→ What you will do: Every line from the one with "Bunny coloring book royalty" to the end of the listing, and nothing else, is to be printed exactly; please leave the pictures out.

→ Given information:
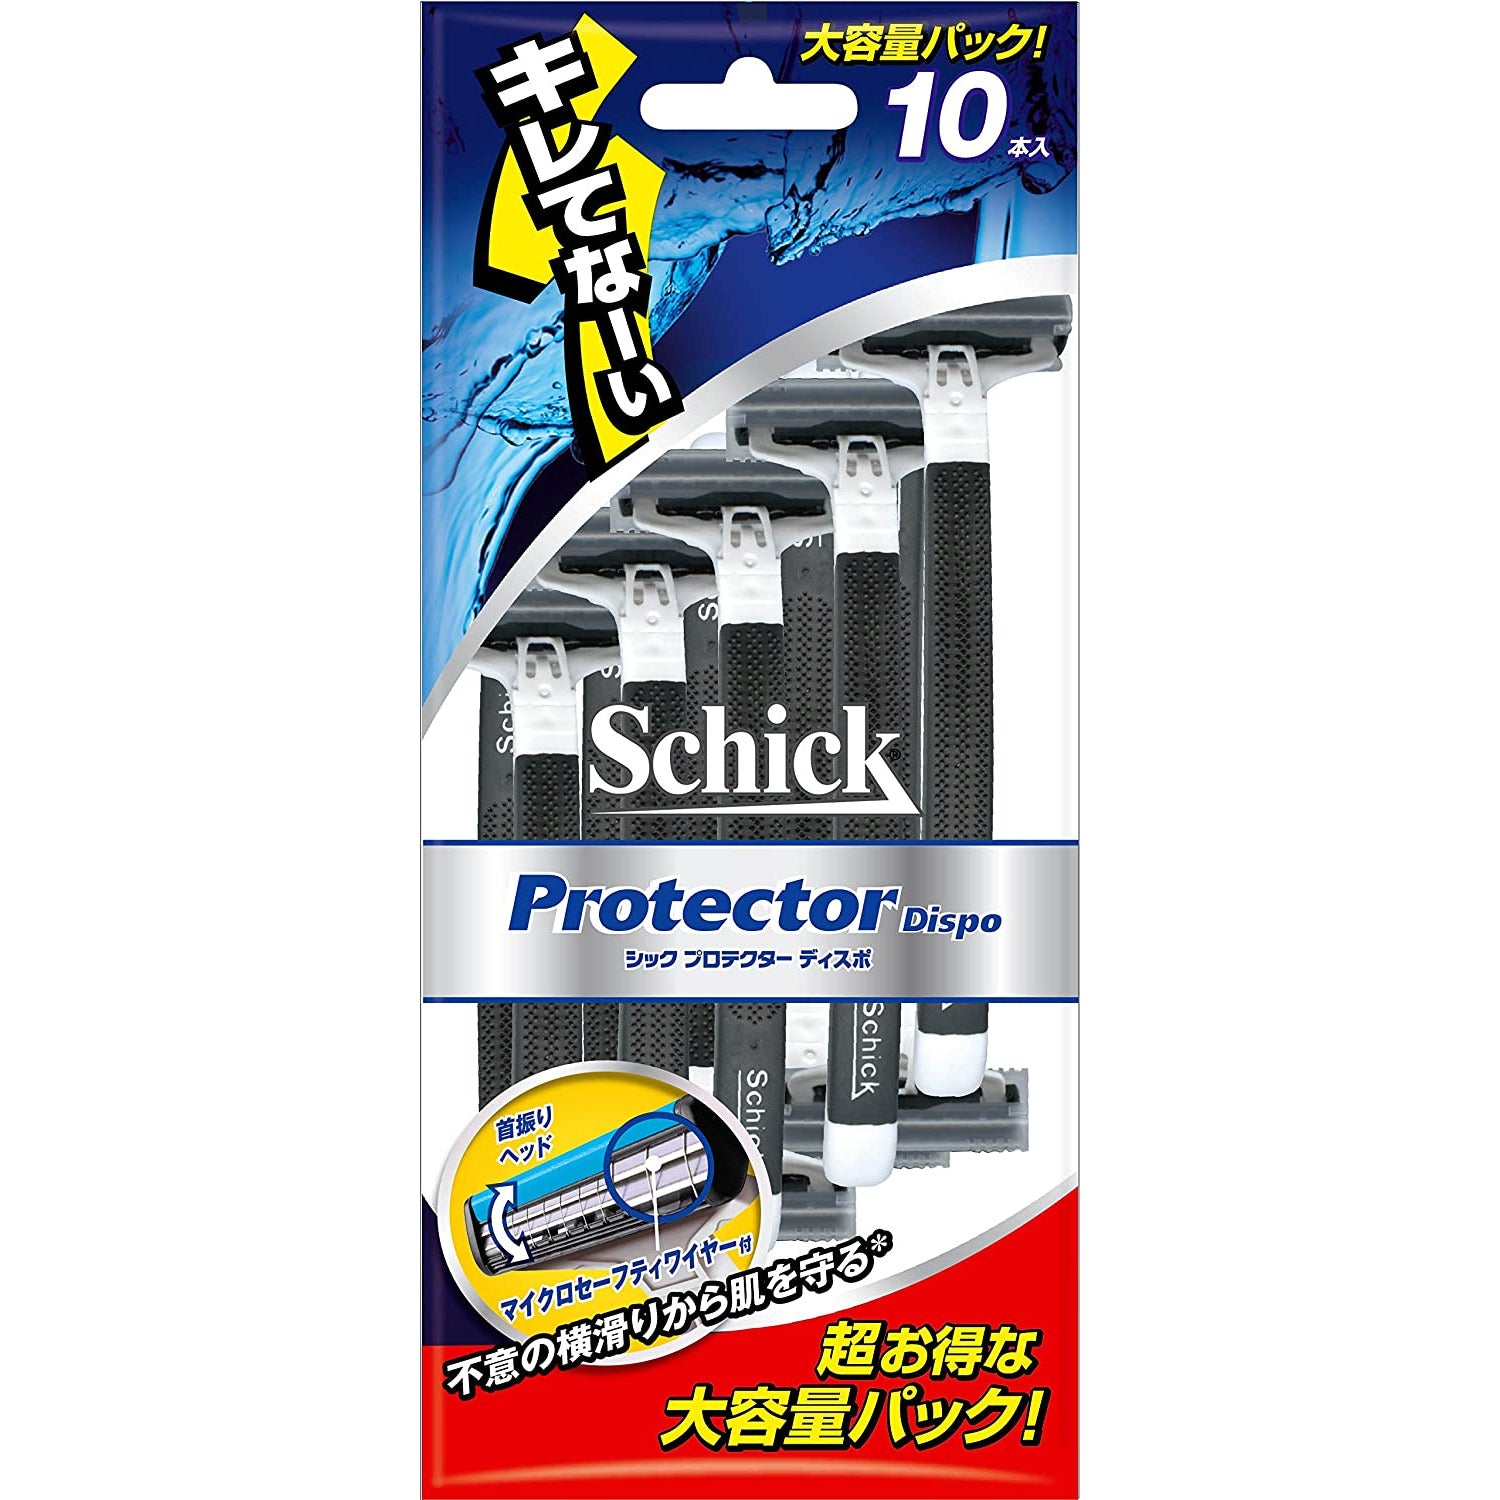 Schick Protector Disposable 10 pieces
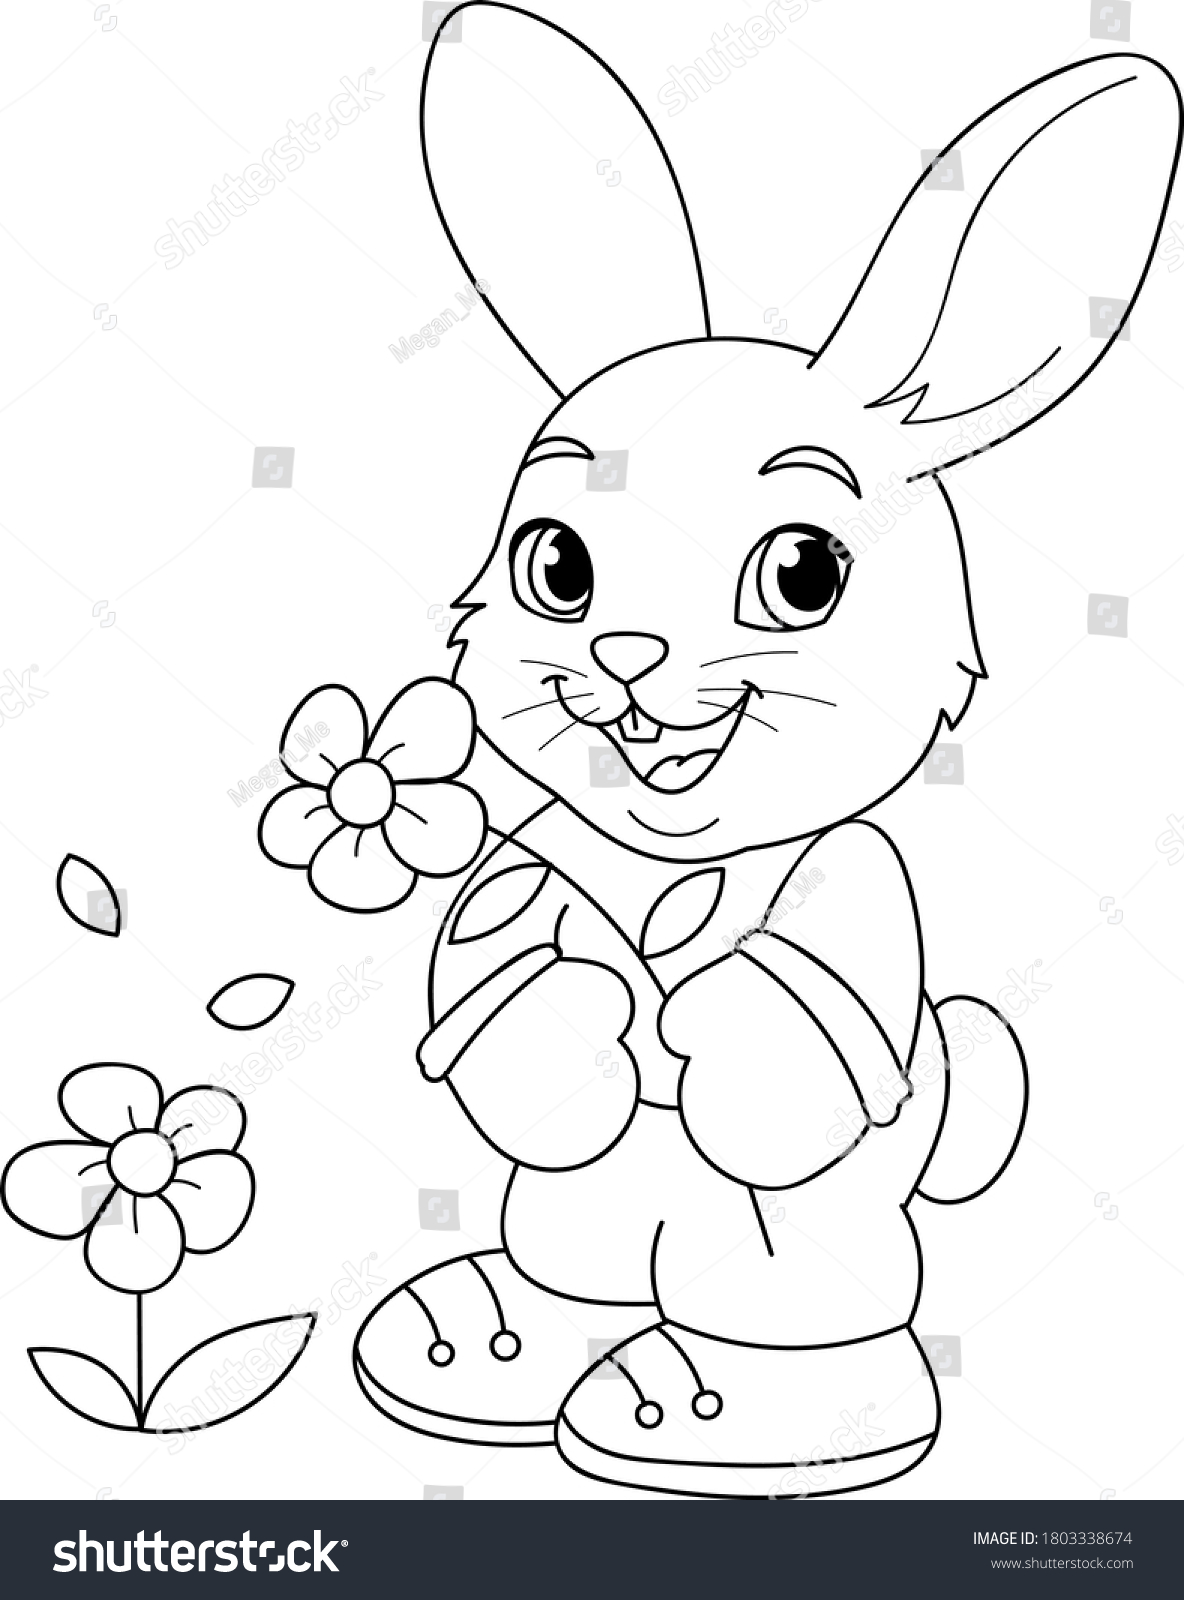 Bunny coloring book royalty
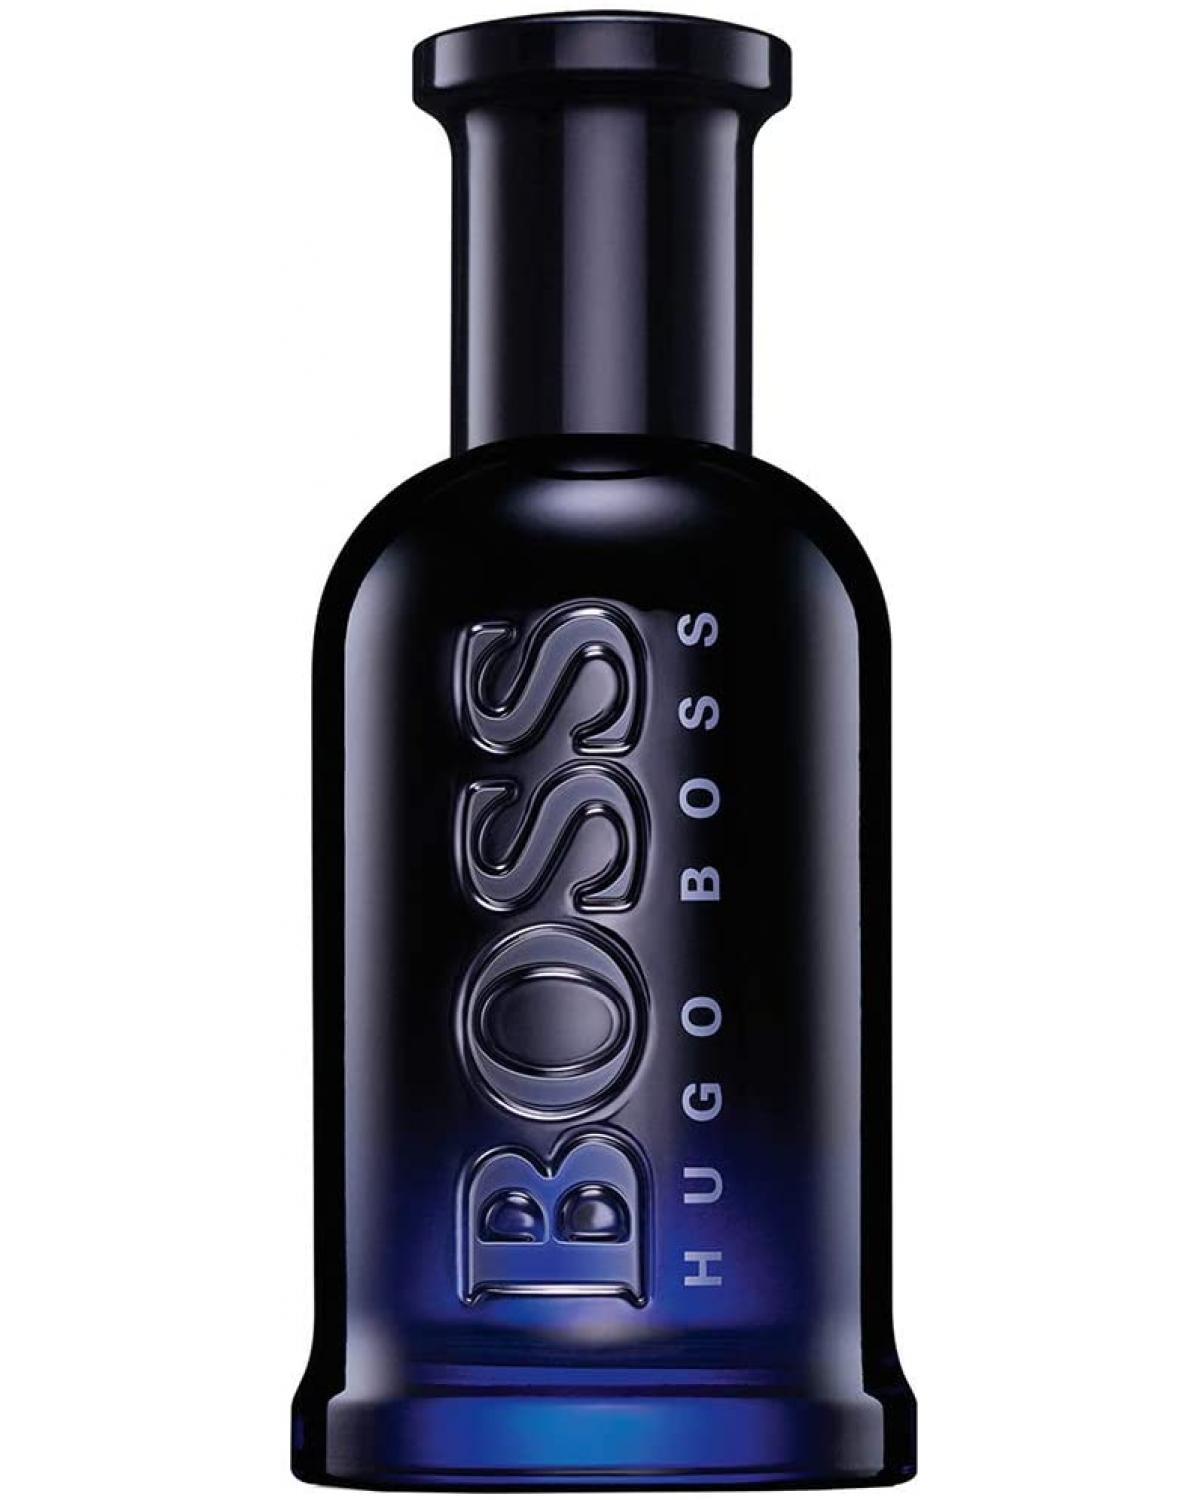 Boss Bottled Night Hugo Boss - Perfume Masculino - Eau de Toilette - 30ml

→ Written response:
 Bunny coloring book royalty
 Boss Bottled Night Hugo Boss - Perfume Masculino - Eau de Toilette - 30ml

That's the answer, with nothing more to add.